TASK BRIEF: Reproduce the whole listing that follows, character for character, and drop the images.

DATASET CONTENT:
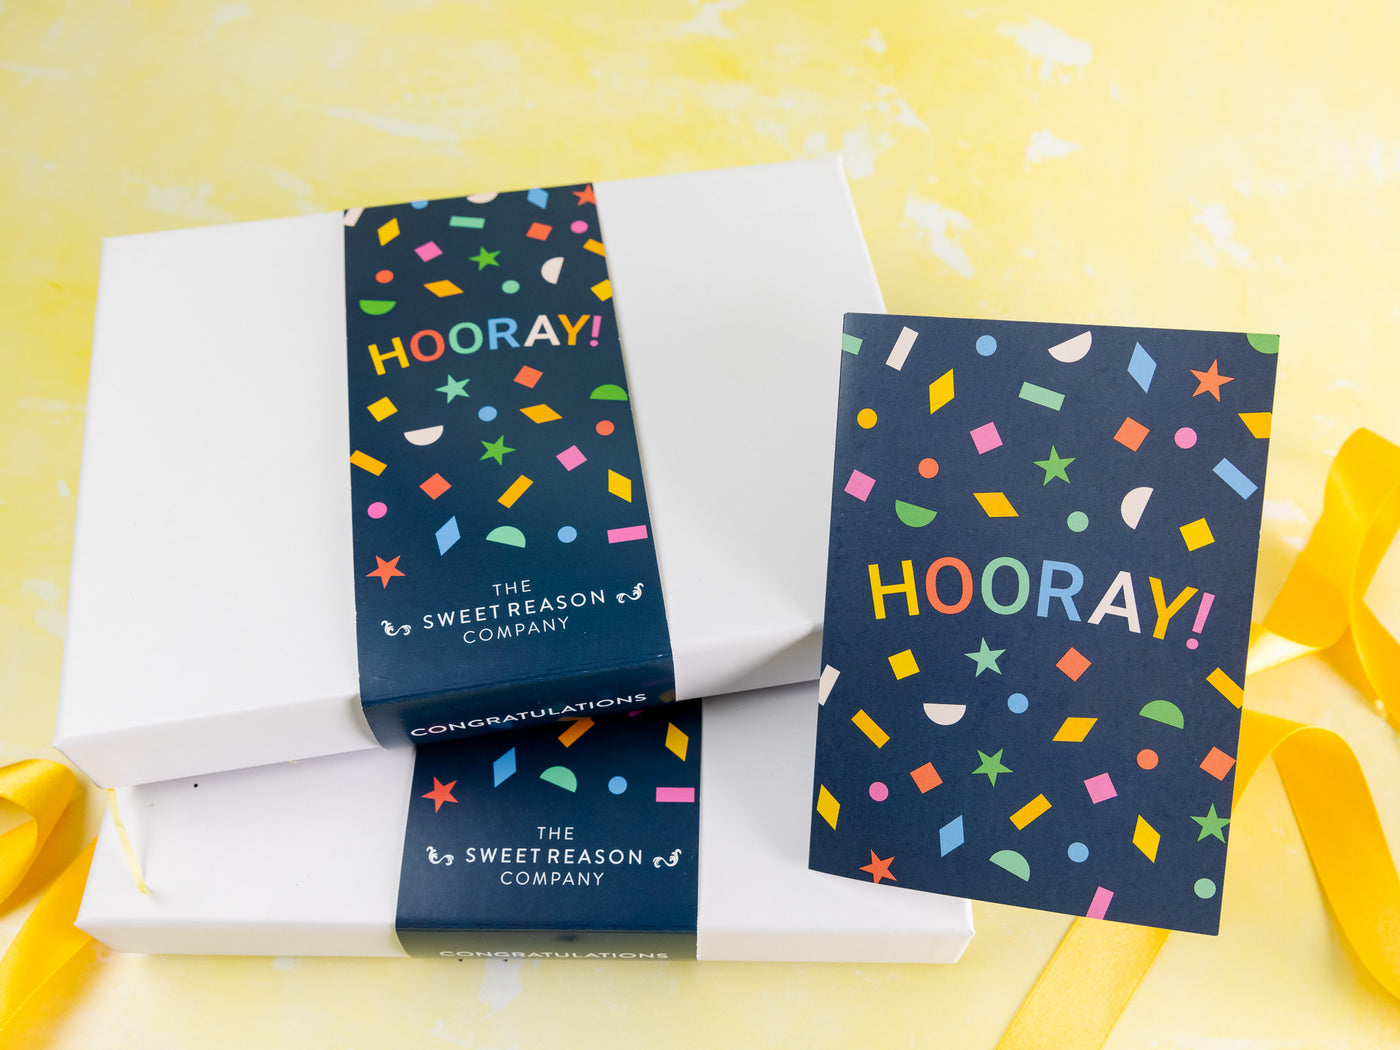 'Hooray!' Gin and Treats Gift Box
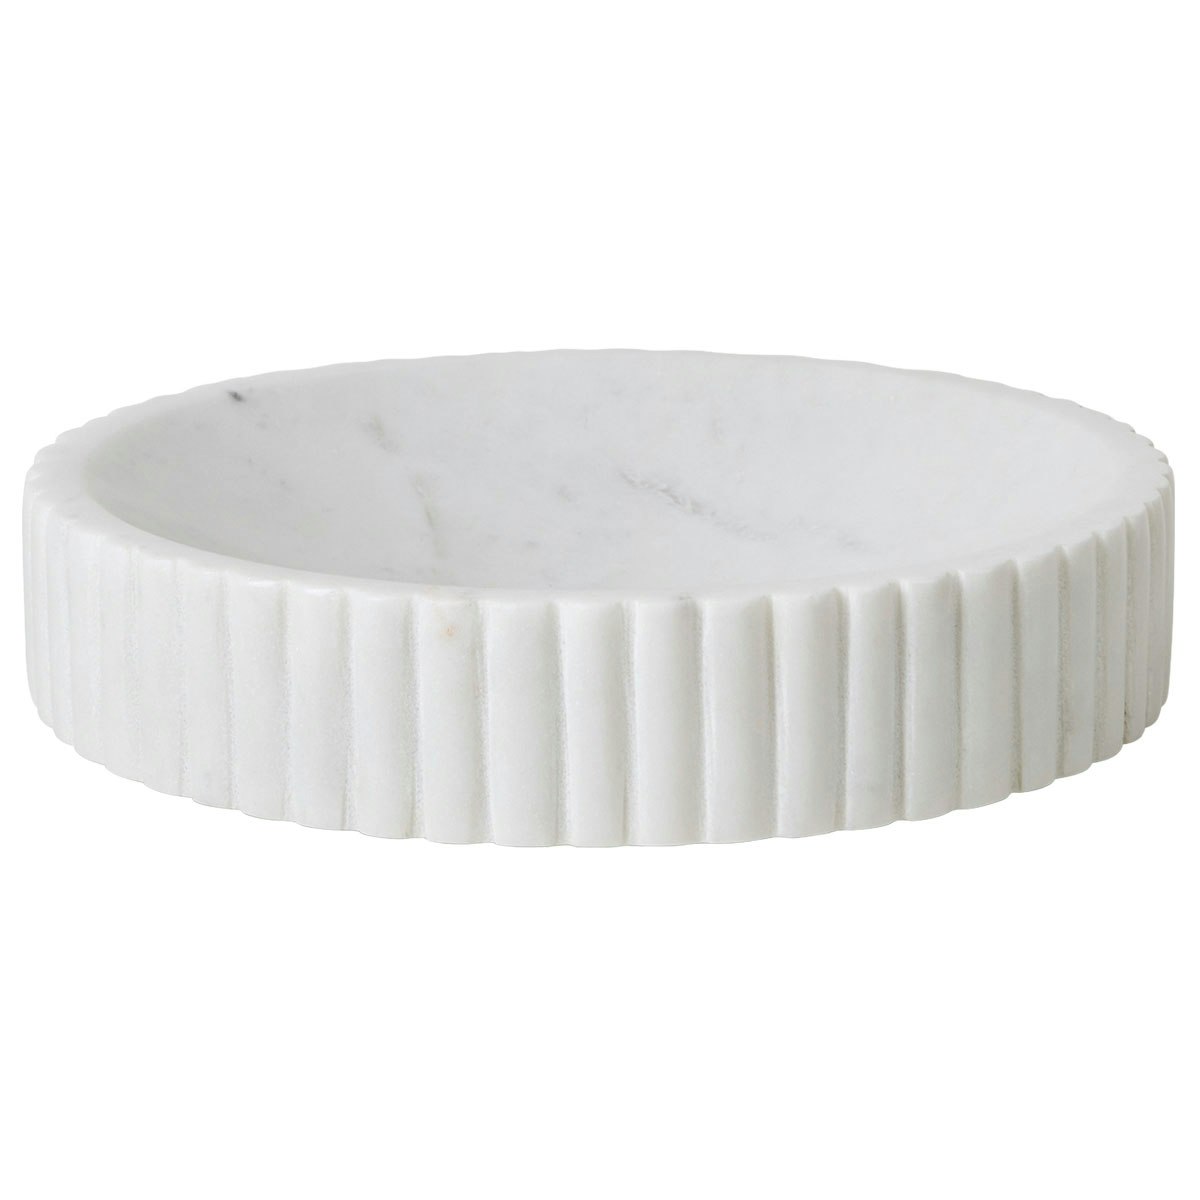 Platon Bowl White, 18 cm
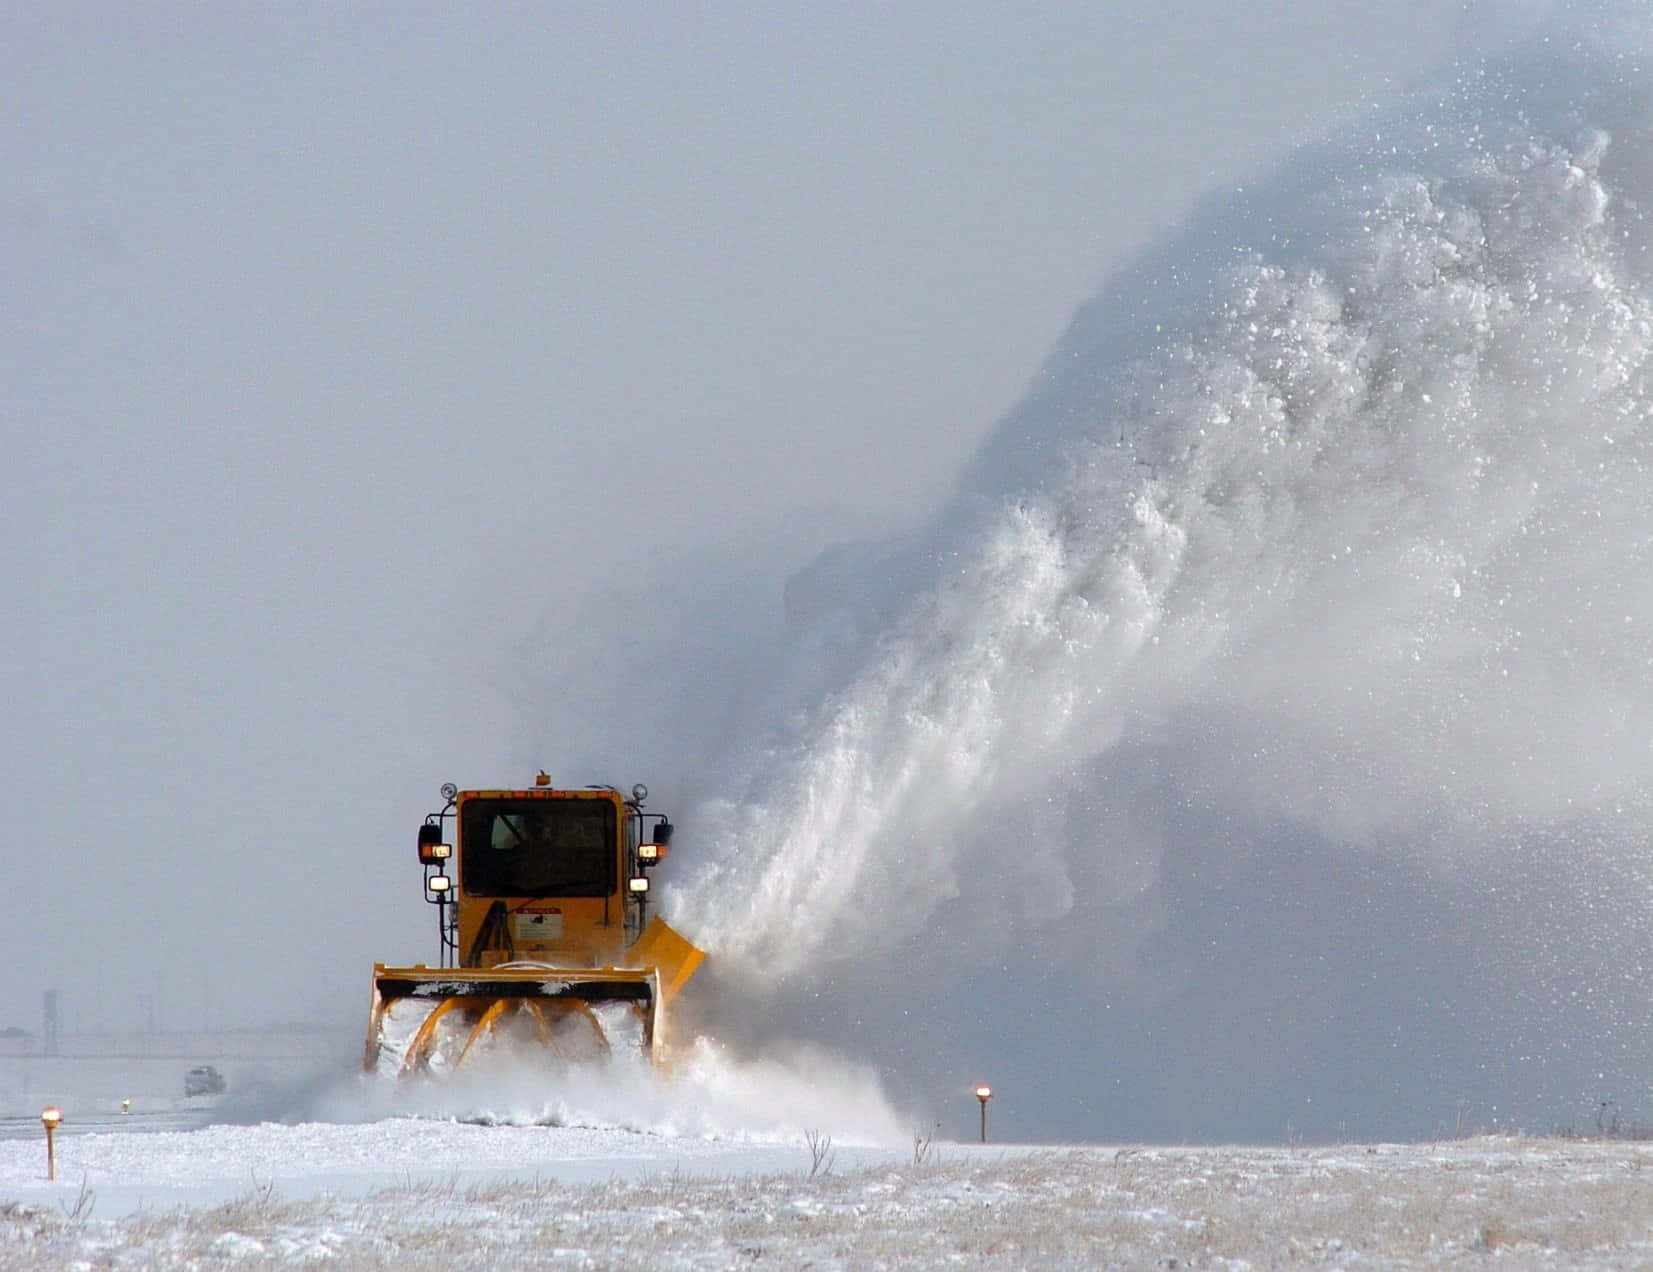 Heavy-duty snowplow clearing a snowy road Wallpaper

SOLUTION:
 'Hooray!' Gin and Treats Gift Box
 Platon Bowl White, 18 cm
 Heavy-duty snowplow clearing a snowy road Wallpaper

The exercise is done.